Aquí, presentamos un protocolo para investigar la interacción de macrófagos primarios derivados de monocitos humanos con un esferoide tumoral en una matriz tridimensional (3D) de colágeno I, con la posibilidad de comparar el impacto de las propiedades solubles y físicas del microambiente en la invasión celular.

La interacción de las células inmunitarias y cancerosas y su respectivo impacto en la metástasis representa un aspecto importante de la investigación del cáncer.
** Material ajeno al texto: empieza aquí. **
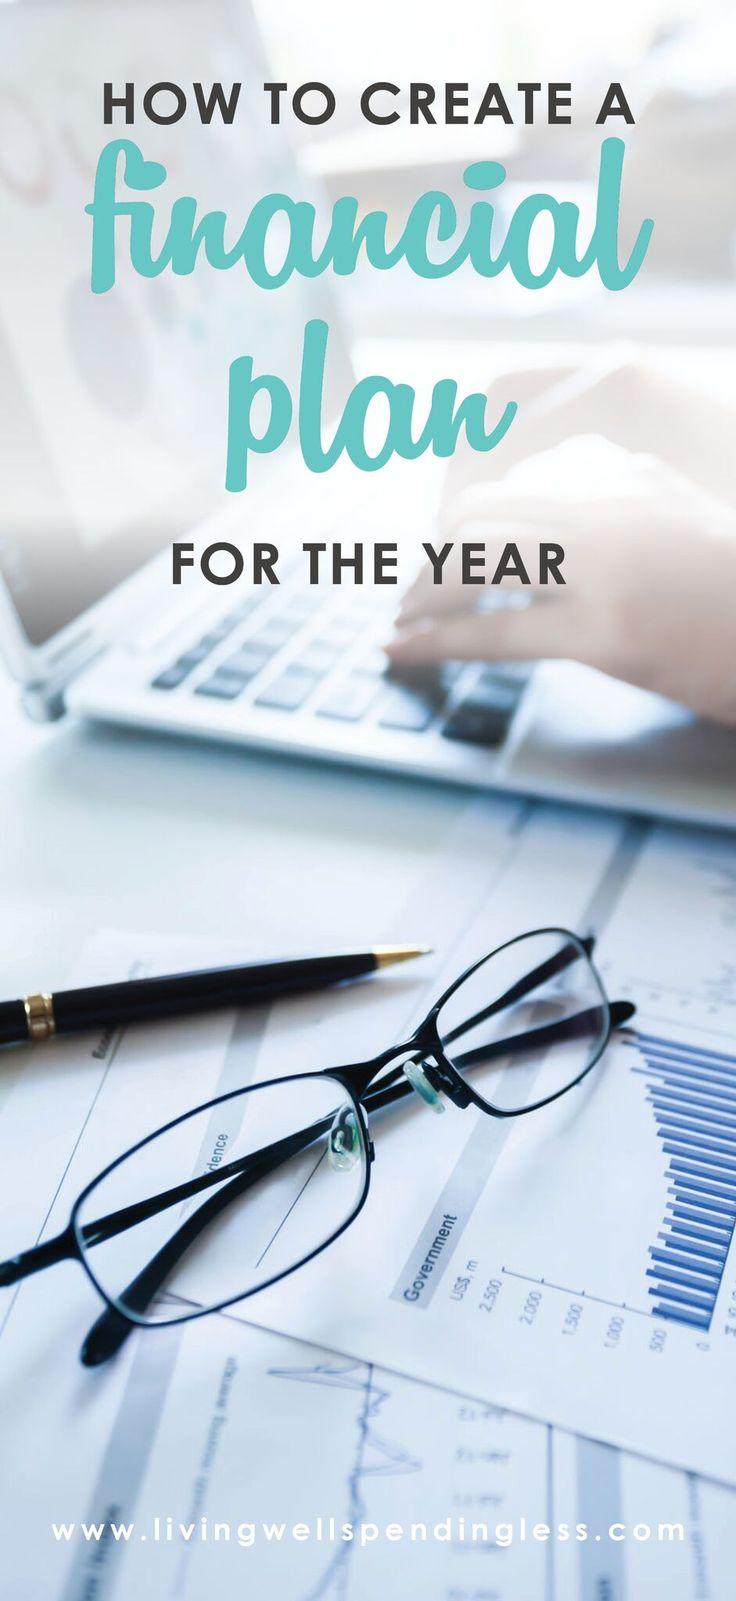 Smart Money Series | Financial Plan for December | Planning for a New Year | December Savings via @lwsl

Hasta el momento, solo se dispone de unos pocos protocolos que permiten una aproximación in vitro de la situación in vivo . Aquí, presentamos un enfoque novedoso para observar el impacto de los macrófagos humanos en la invasividad de las células cancerosas, utilizando esferoides tumorales de células de carcinoma de pulmón de células no pequeñas H1299 incrustadas en una matriz tridimensional (3D) de colágeno I. Con esta configuración de cocultivo, probamos el impacto de la depleción de los factores reguladores en los macrófagos basada en ARN interferente pequeño (siRNA) en la invasión 3D de las células cancerosas desde el esferoide tumoral en comparación con los controles. Este método permite determinar diferentes parámetros, como el área esferoide o el número de células cancerosas invasoras, y así, detectar diferencias en la invasión de células cancerosas. En este artículo, presentamos la configuración respectiva, discutimos el análisis posterior, así como las ventajas y posibles trampas de este método.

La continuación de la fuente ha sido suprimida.